Countess Géraldine Margit Virginia Olga Mária Apponyi de Nagy-Appony (; 6 August 1915 – 22 October 2002) was Queen of the Albanians from her marriage to King Zog I on 27 April 1938 until the King was deposed on 7 April of the following year.

Geraldine was born in Austria-Hungary into the noble Apponyi family. Her family fled to Switzerland in 1918, when the monarchy of Austria-Hungary was abolished. They returned to Hungary in 1921. However, after her father Gyula died in 1924, her American-born mother Gladys took Geraldine and her two siblings to live in southern France. Later Geraldine was educated at a boarding school in Austria. She met the Albanian king Zog I in 1938, and they married shortly afterwards.

The Italian invasion of Albania cut short Zog's reign. During World War II, King Zog and Queen Geraldine lived first in France and later in England. Later on, they would live in France again and in Egypt. After her husband died in Paris in 1961, Geraldine took the title Queen Mother and asserted the rights of her son Leka I, Crown Prince of Albania, to rule. She and Leka fled successively to Spain, Rhodesia, and South Africa. Geraldine was allowed to return to Albania in 2002, and she died that year aged 87.

Early life

Geraldine was born in Budapest, Austria-Hungary, a daughter of Count Gyula Apponyi de Nagy-Appony (1873–1924), Grand Marshal of the Hungarian Court, of the old and noble Apponyi family which had been great landowners in Upper Hungary since the 13th century. Her mother was Gladys Virginia Steuart (1891–1947), an American, daughter of John Henry Steuart, a diplomat who served as US Consul in Antwerp, Belgium, and his wife Mary Virginia Ramsay Harding (later Mrs. Gustaf Stråle af Ekna), who both came from monied families of the New World, specifically Virginia, Maryland and North Carolina.

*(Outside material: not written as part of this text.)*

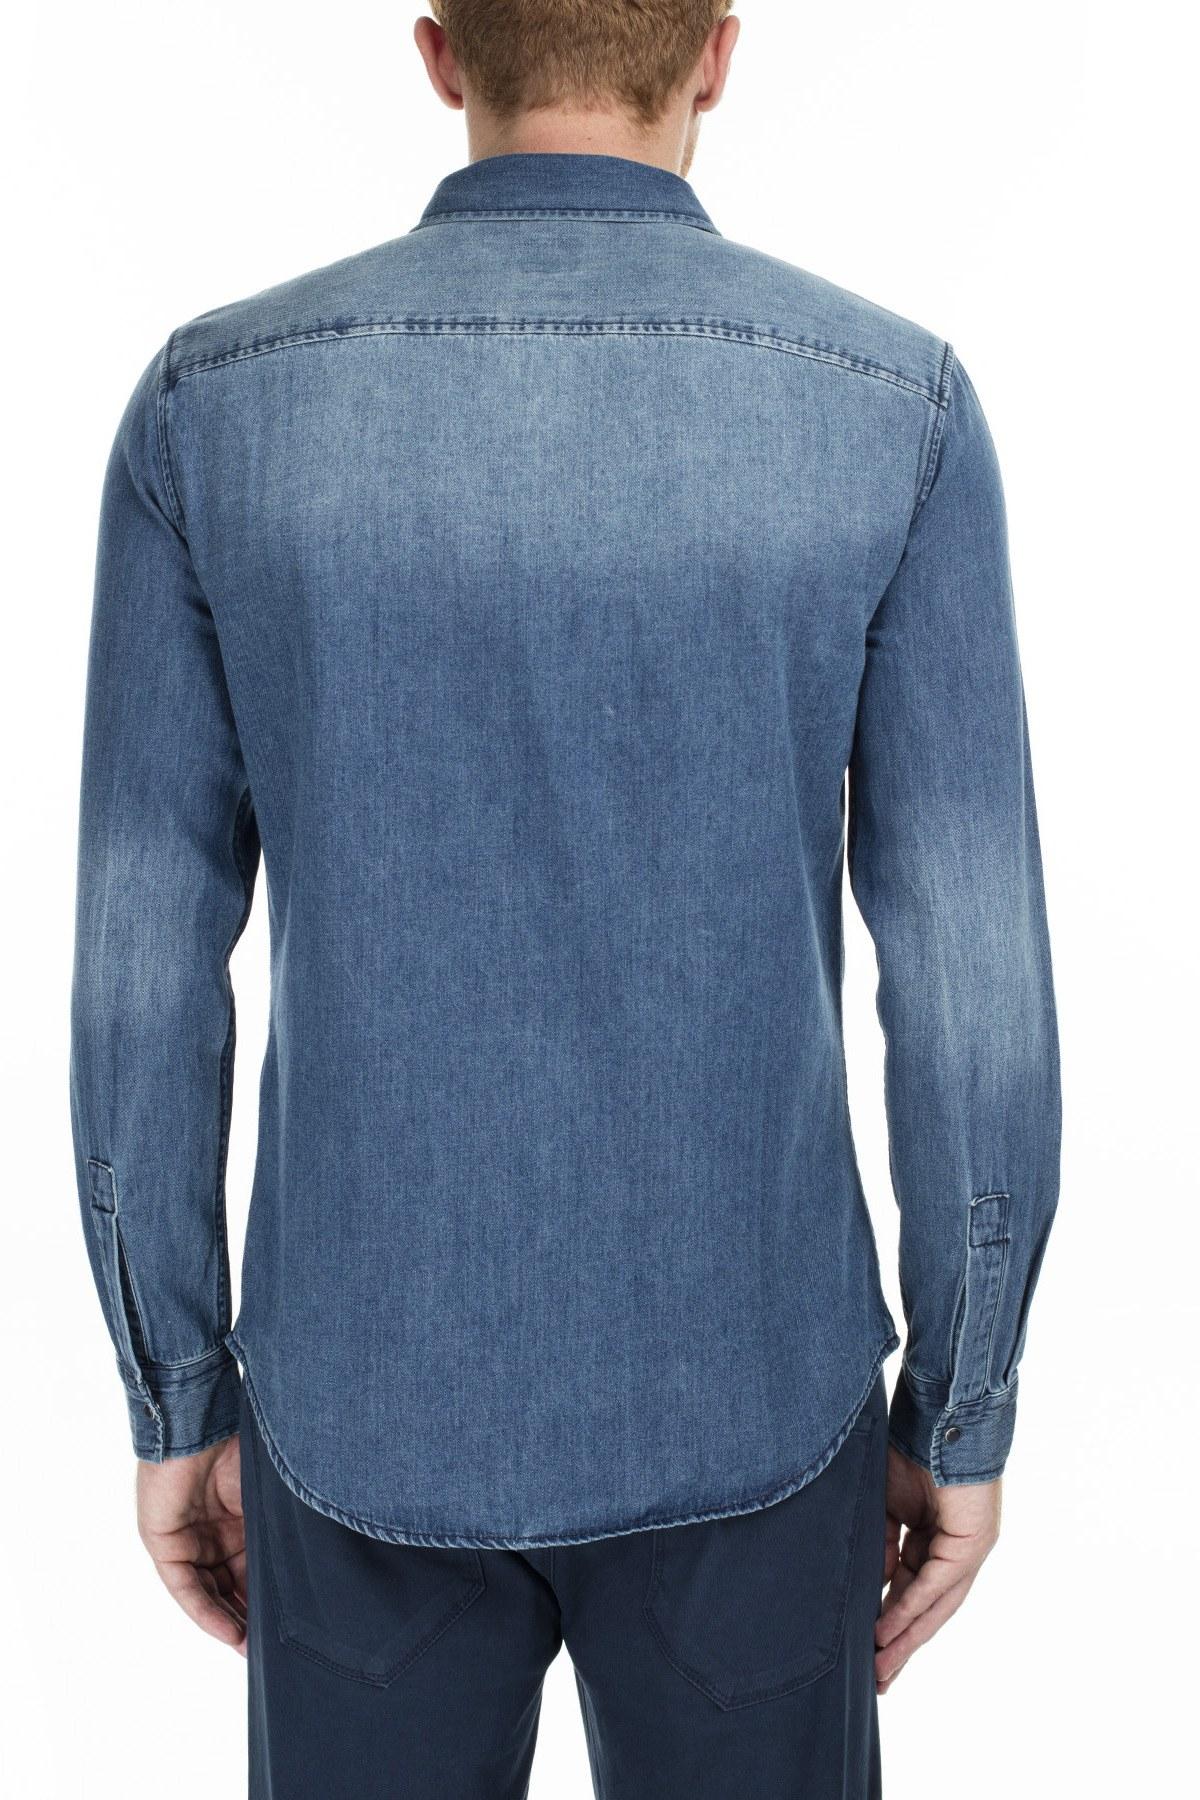 Armani Exchange Erkek Gömlek 6GZC20 Z1K1Z 1500 LACİVERT

When Geraldine was three, the Empire of Austria-Hungary collapsed, and the Apponyi family went to live in Switzerland. In 1921 they returned to the Kingdom of Hungary which was stable under Regent Miklós Horthy. However, when Geraldine's father died in 1924, her mother and their three children (Geraldine, now nine, Virginia, and Gyula) went to live in the resort of Menton, in the south of France. When the Countess married a French officer, her Hungarian in-laws insisted that the children be returned to Hungary for their schooling. The girls were sent to the Sacred Heart boarding school in Pressbaum, near Vienna. Geraldine's happy childhood then continued at the chateau Oponice (Appony) in present-day Slovakia, Apponyi ancestral family possessions in Slovakia; at the time, the part of Czechoslovakia (whose citizenship Geraldine gained). She lived there until 1938. Her family's fortune spent, Geraldine earned a living as a shorthand typist. She also worked in the gift shop of the Budapest National Museum, where her uncle was the director.

Royal life

Geraldine was introduced in December 1937 to King Zog I of the Albanians, who had seen a photograph of her. She visited the Albanian Kingdom and within days the couple were engaged to be married. Known as the "White Rose of Hungary", Geraldine was raised to royal status as Princess Geraldine of Albania prior to her wedding.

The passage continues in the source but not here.